BACKGROUND AND AIMS The development of seedlings involves many morphological, physiological and biochemical processes, which are controlled by many factors. Some reactive oxygen and nitrogen species (ROS and RNS, respectively) are implicated as signal molecules in physiological and phytopathological processes. Pepper (Capsicum annuum) is a very important crop and the goal of this work was to provide a framework of the behaviour of the key elements in the metabolism of ROS and RNS in the main organs of pepper during its development. METHODS The main seedling organs (roots, hypocotyls and green cotyledons) of pepper seedlings were analysed 7, 10 and 14 d after germination. Activity and gene expression of the main enzymatic antioxidants (catalase, ascorbate-glutathione cycle enzymes), NADP-generating dehydrogenases and S-nitrosoglutathione reductase were determined. Cellular distribution of nitric oxide ((·)NO), superoxide radical (O2 (·-)) and peroxynitrite (ONOO(-)) was investigated using confocal laser scanning microscopy.
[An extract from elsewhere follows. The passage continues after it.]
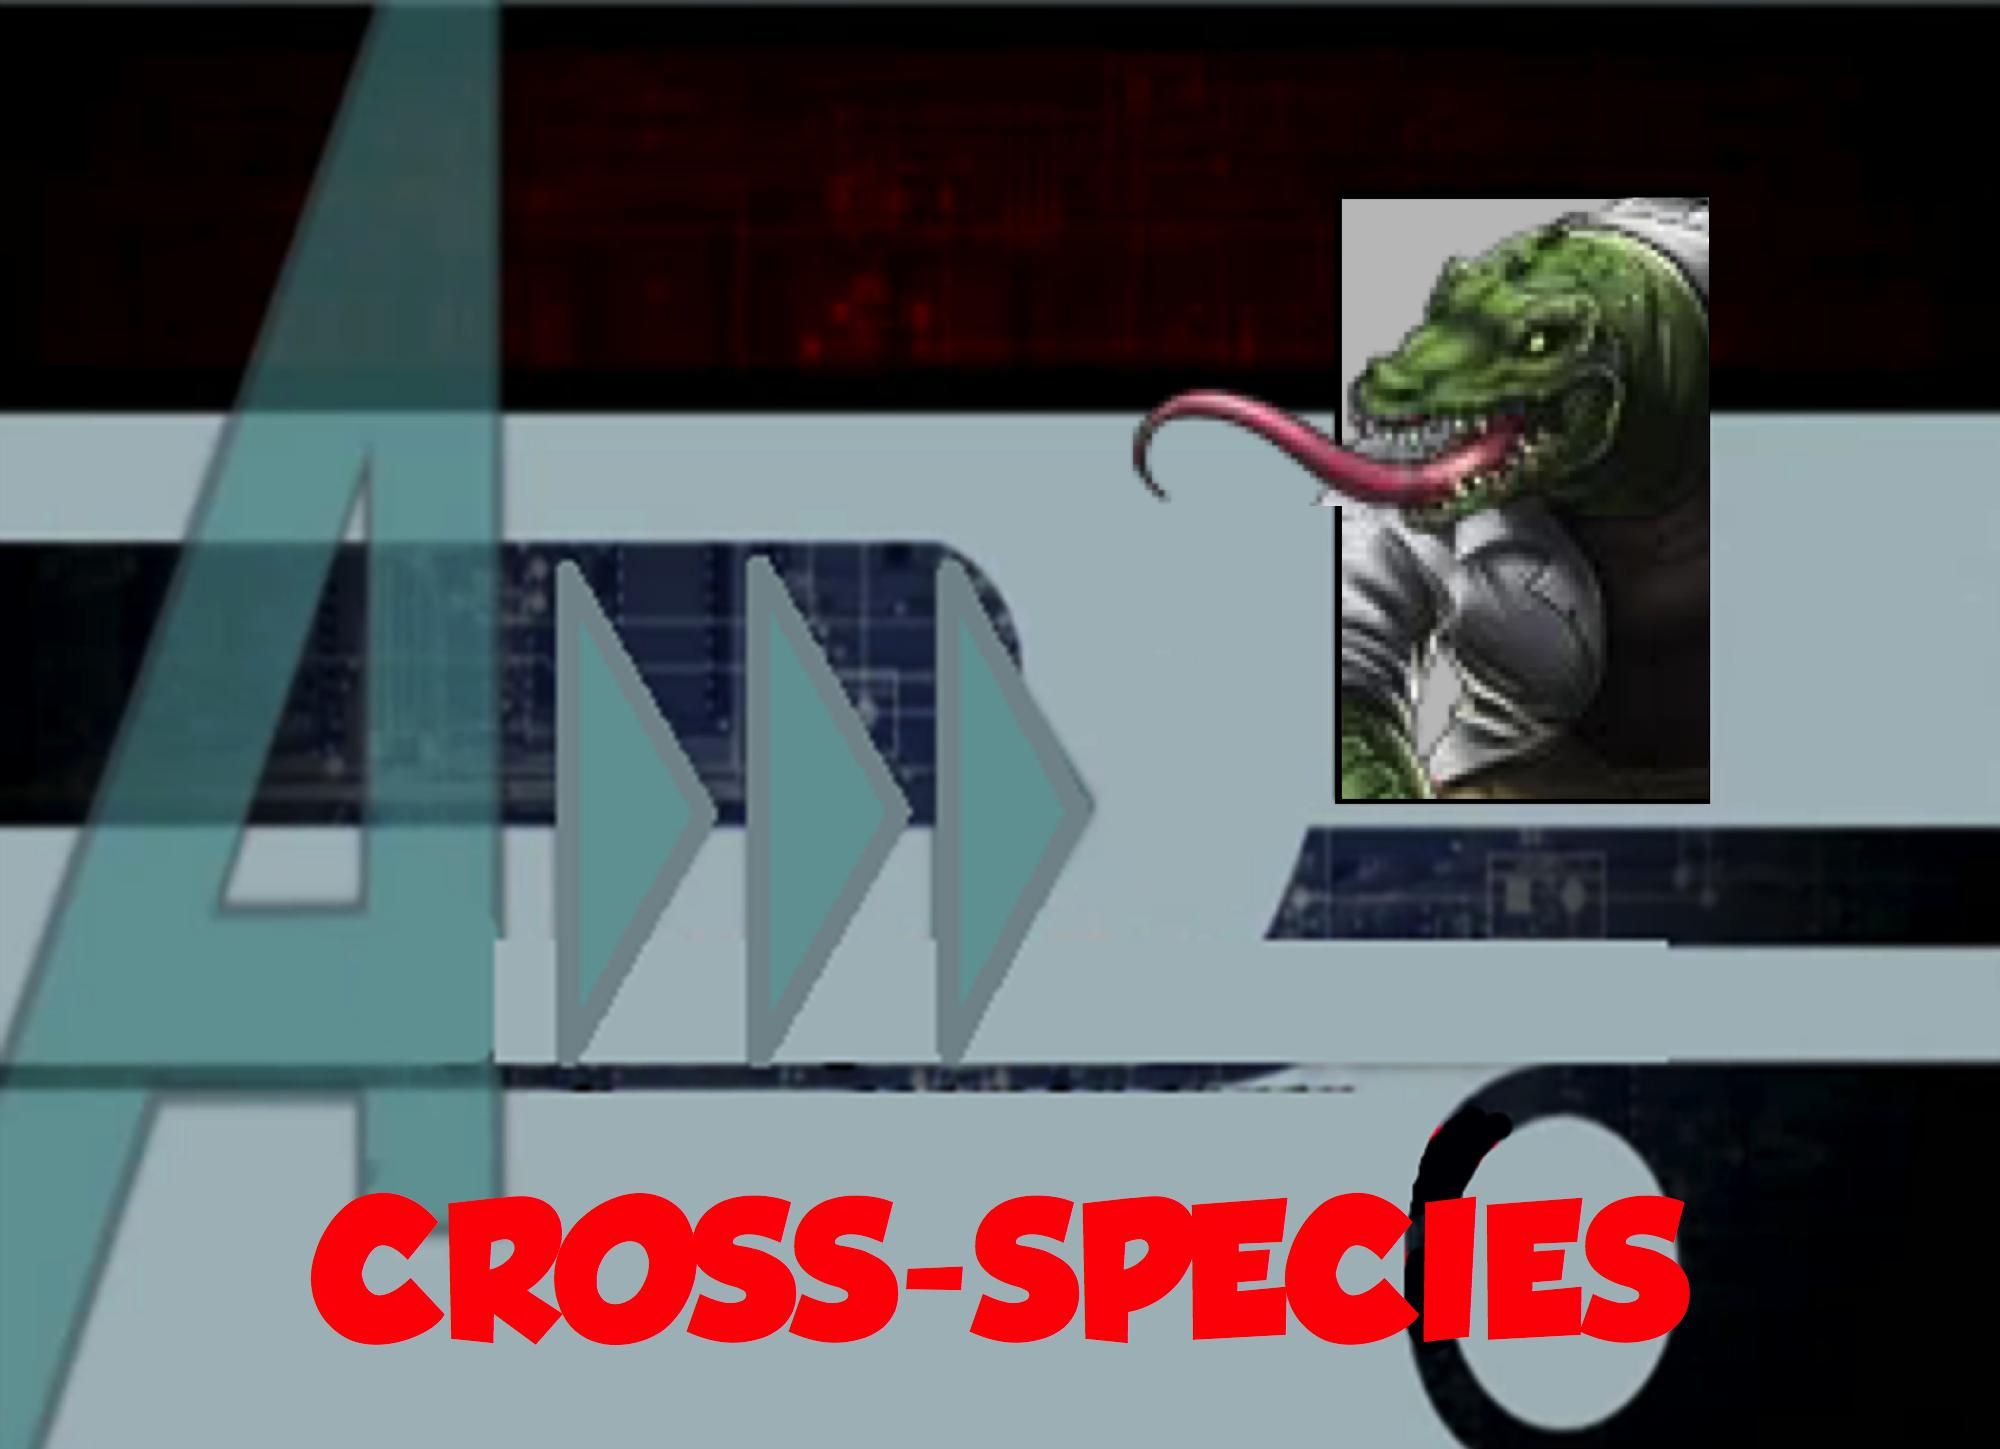 Cross-Species (A!)

KEY RESULTS The metabolism of ROS and RNS during pepper seedling development was highly regulated and showed significant plasticity, which was co-ordinated among the main seedling organs, resulting in correct development. Catalase showed higher activity in the aerial parts of the seedling (hypocotyls and green cotyledons) whereas roots of 7-d-old seedlings contained higher activity of the enzymatic components of the ascorbate glutathione cycle, NADP-isocitrate dehydrogenase and NADP-malic enzyme. CONCLUSIONS There is differential regulation of the metabolism of ROS, nitric oxide and NADP dehydrogenases in the different plant organs during seedling development in pepper in the absence of stress. The metabolism of ROS and RNS seems to contribute significantly to plant development since their components are involved directly or indirectly in many metabolic pathways. Thus, specific molecules such as H2O2 and NO have implications for signalling, and their temporal and spatial regulation contributes to the success of seedling establishment.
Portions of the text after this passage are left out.